За окном – озеро в мелких гребешках волн. С кровати мне не видно луговины, раскинувшейся между домом и водой. Кажется, что озеро подходит вплотную к раме.

Пора делать зарядку, но вставать лень. Я поворачиваюсь лицом к стене, чтобы подремать еще немножко, но… что это? На коврике, прибитом над моей кроватью, – одностволка!

Я сижу на постели и тщательно рассматриваю ружье. Вот это подарочек!

Таинственно поблескивает грозный, иссиня-черный ствол. На широком брезентовом ремне вышиты зайцы и утки. И хотя зайцы почему-то синие, а утки зеленые, как салат, но они представляются мне живыми, кажется, что я уже крадусь, к ним со своим новым ружьем.

Вот здорово! И патронташ не забыли подарить!

Я снимаю его со стены. Он похрустывает, словно леденцы.
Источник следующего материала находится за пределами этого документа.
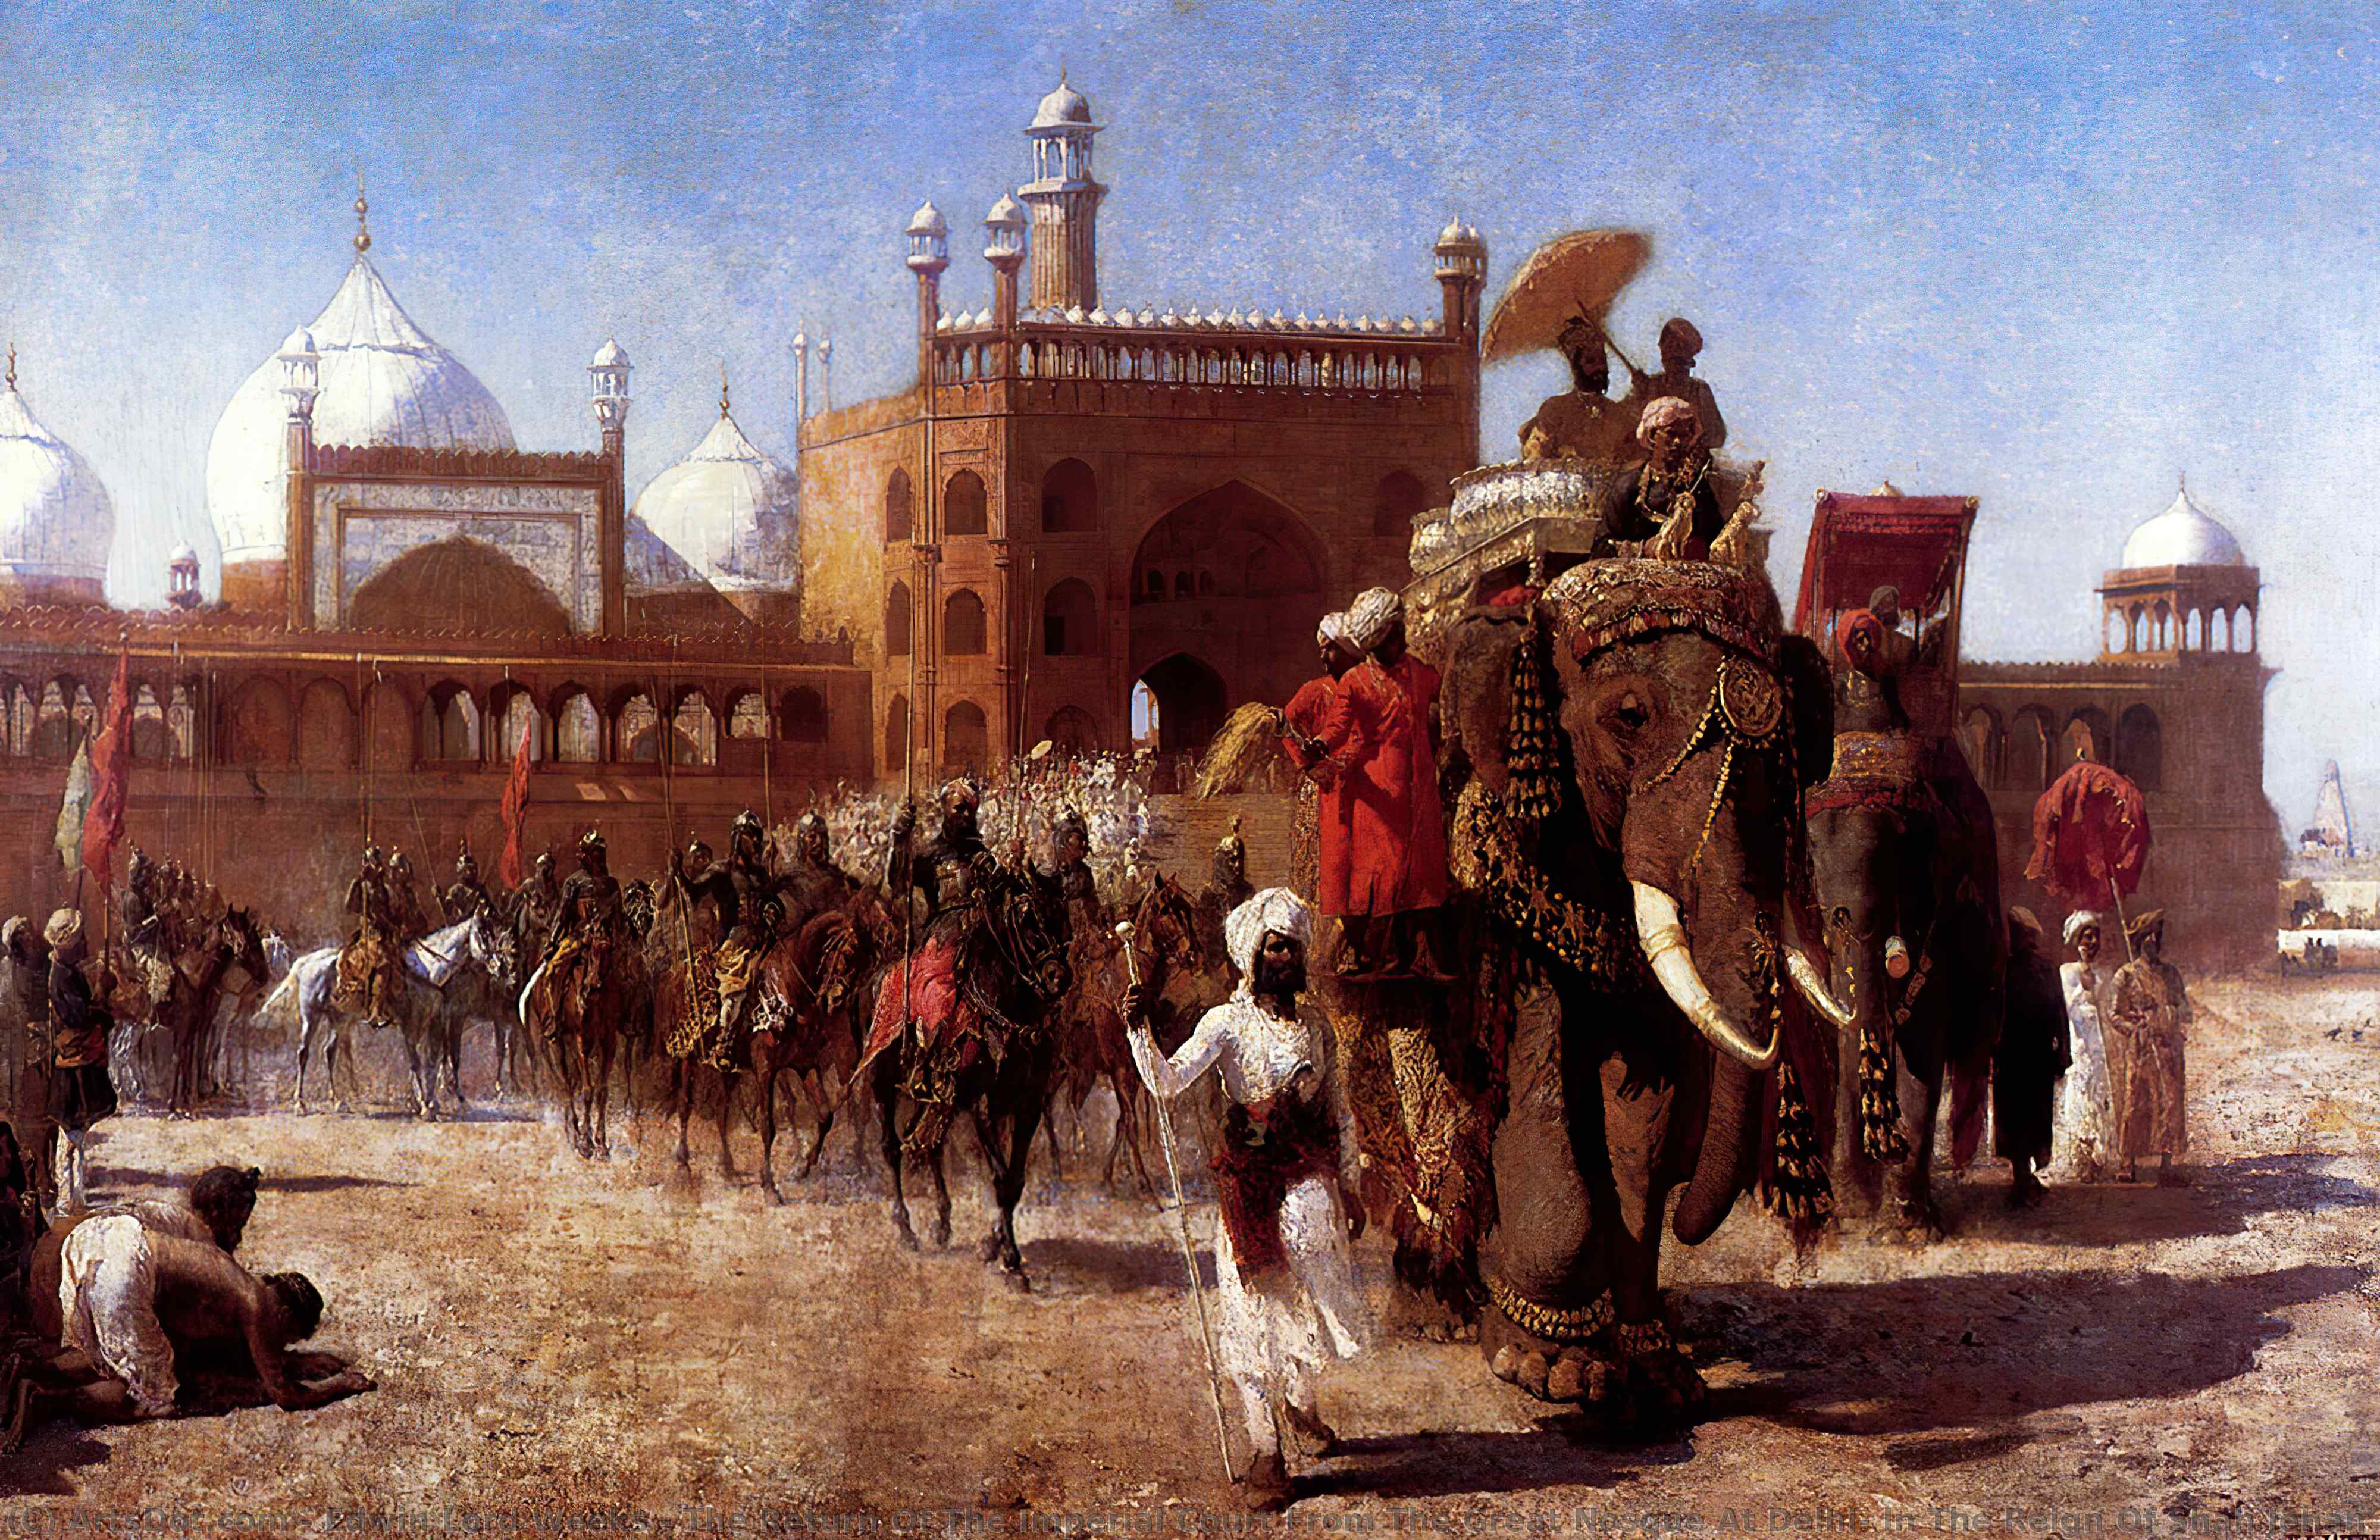 WikiOO.org – 美術百科全書 - 繪畫，作品 Edwin Lord Weeks - 回报 的  的  帝国  法庭  从  的  伟大的  清真寺  在  德里  在  的  统治  的  沙阿  查汉

Если обмотаться им наискосок через грудь, будешь похож на моряка из гражданской войны.

– Один, два, три… – считаю я патроны, но тут в комнату входит папа.
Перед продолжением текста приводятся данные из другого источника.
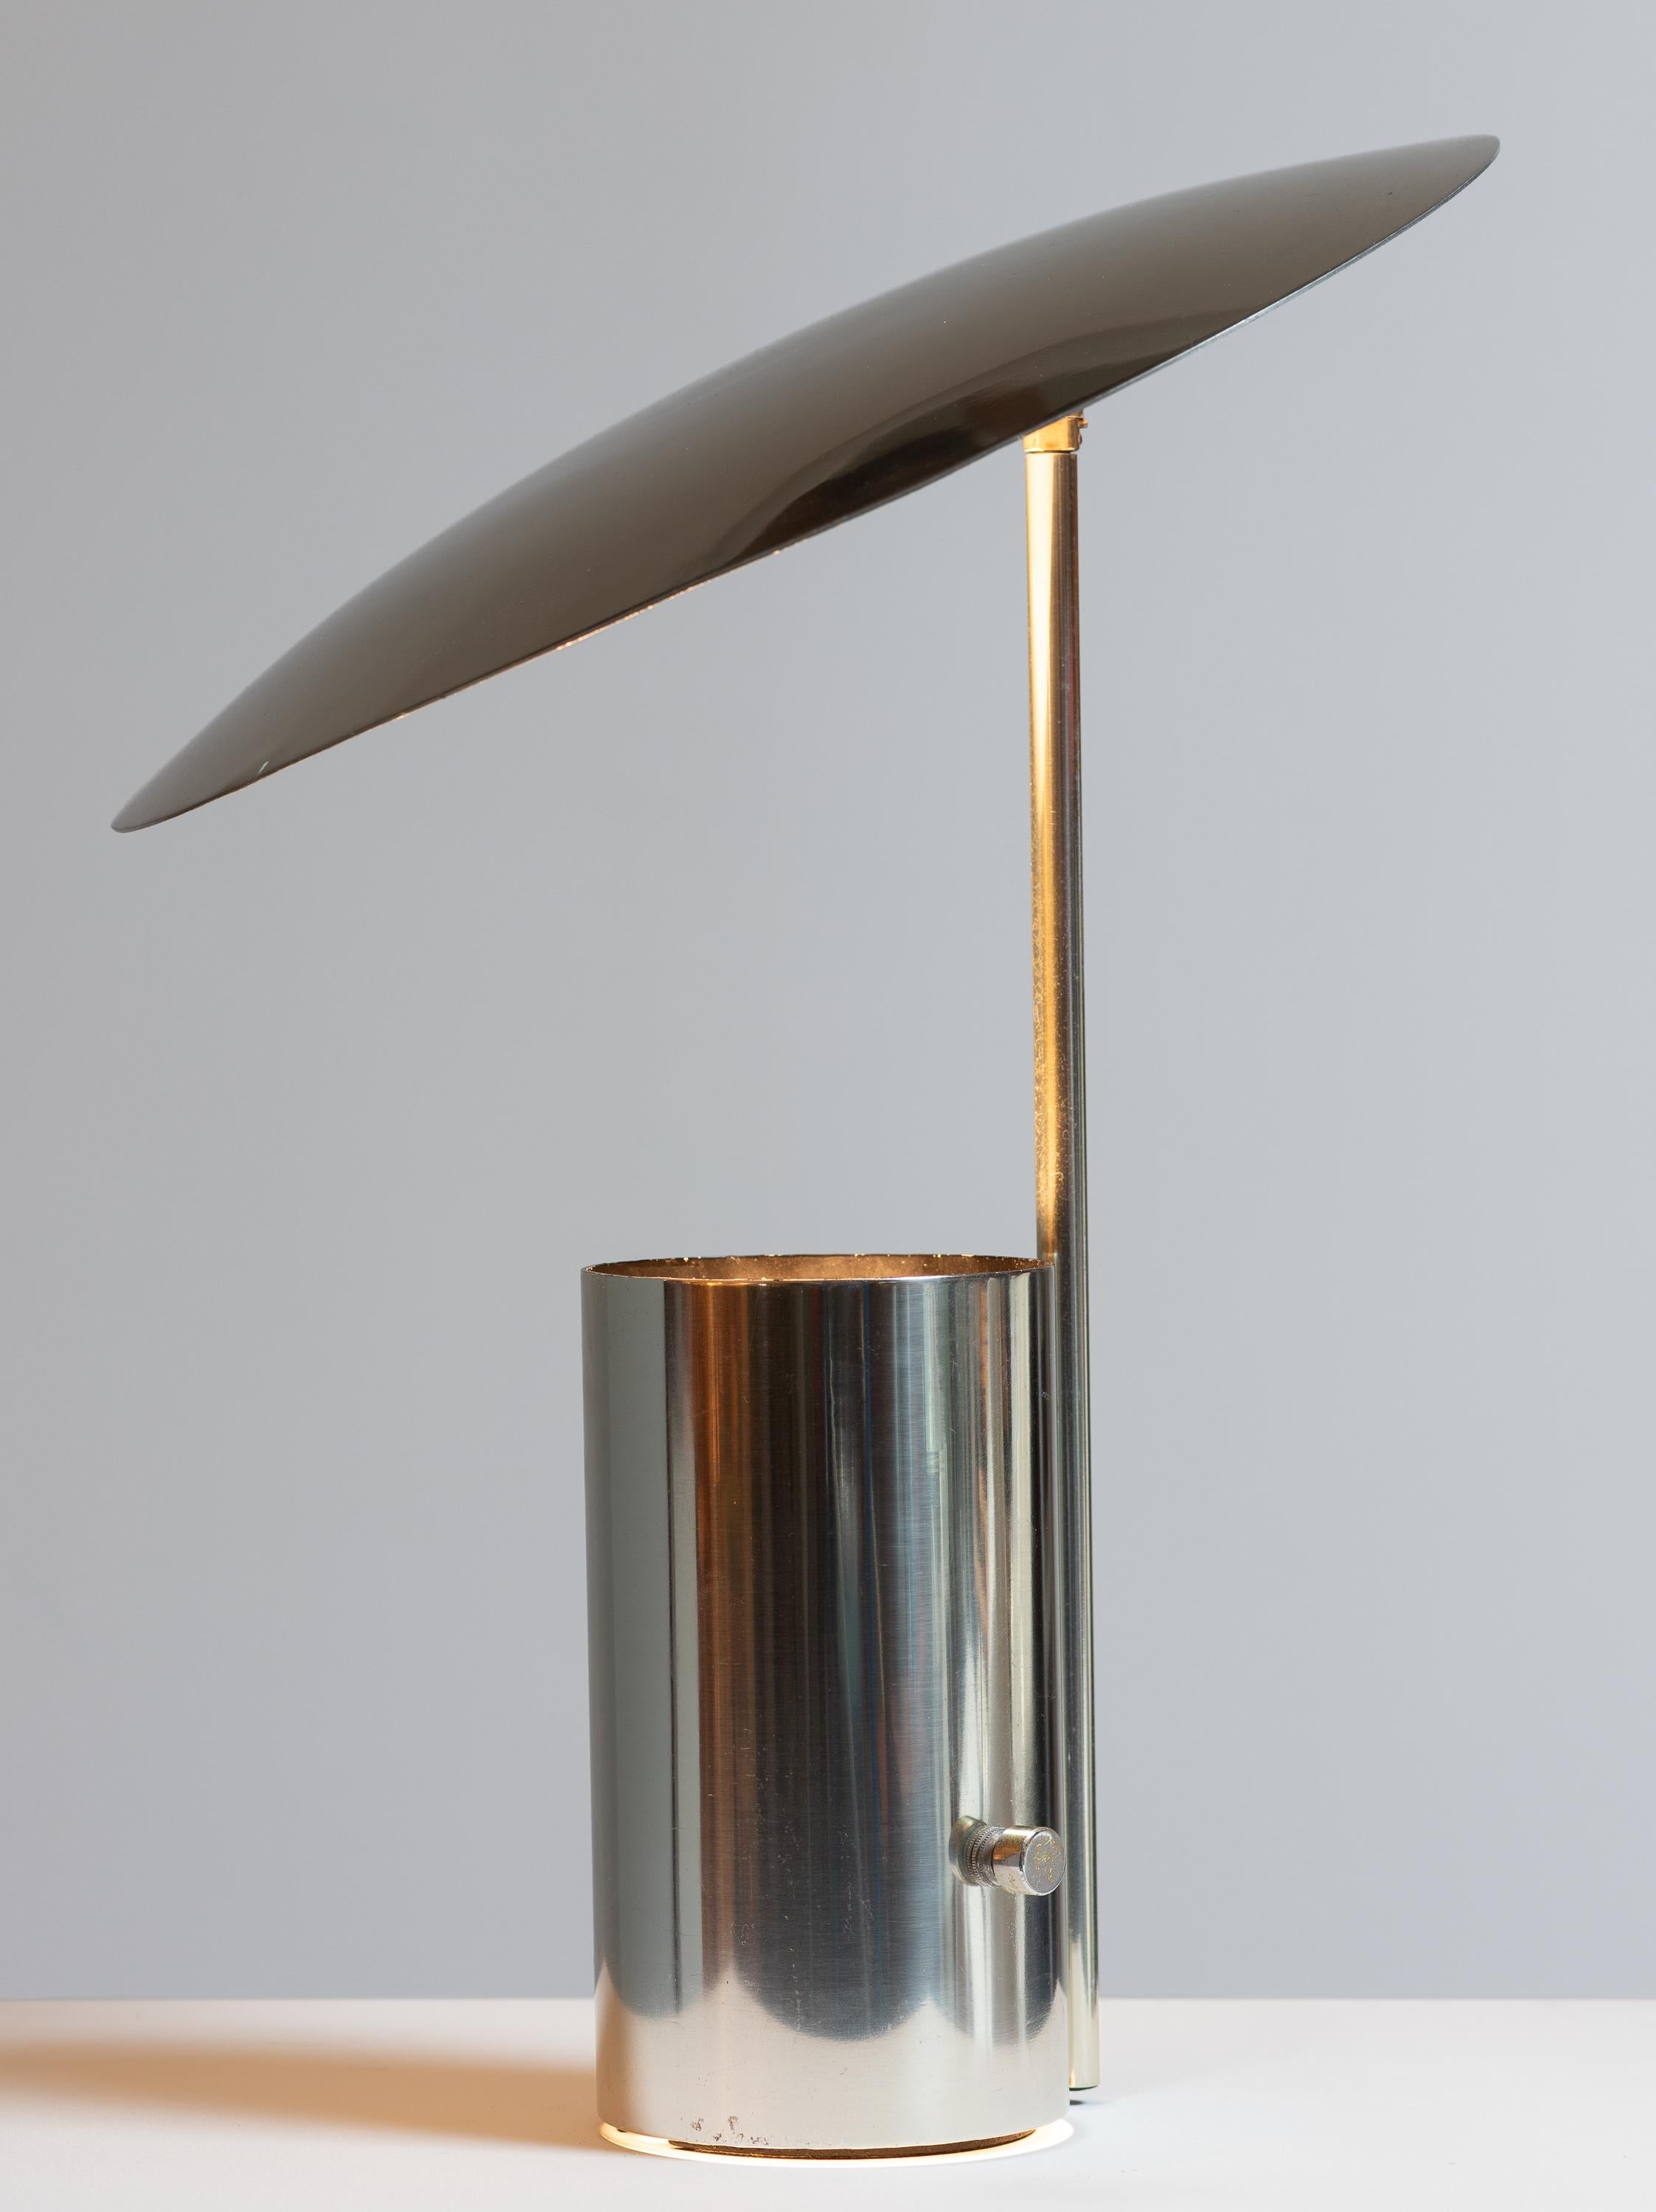 Half Nelson Tischleuchte, entworfen von George Nelson für Koch und Lowy. Ein durchdachtes Design mit einem schwenkbaren Schirm aus gedrehtem Aluminium, der eine individuell anpassbare Beleuchtung bietet. Die Zwei-Wege-Lichtquelle ist in der

Я неохотно кладу ружье на постель: вдруг он отберет подарок? Скажет: «Ты еще мал, подрасти надо, пускай полежит годок-другой!» Но нет, ничего такого отец не говорит. Он весело оглядывает меня, и я облегченно вздыхаю.

На отце легкий синий пиджак, серые в полоску брюки, а ноги босые. Летом папа редко одевает ботинки.

– Ну, Костик, поздравляю! Десять лет, как говорится, не пустяк! – Папа потирает руки. – Как подарок? Пришелся, а?..

Эх, дать бы сейчас из новенького ружья салют! Бабахнуть прямо из окна по озеру!

Папа подхватил меня и подбросил высоко-высоко: сердце остановилось, а макушкой я чуть не задел потолок.

Все утро я носился с ружьем как угорелый. Мне тут же хотелось обновить его, подбить на озере утку, а потом прийти на кухню и небрежно бросить ее на стол. То-то мама удивится!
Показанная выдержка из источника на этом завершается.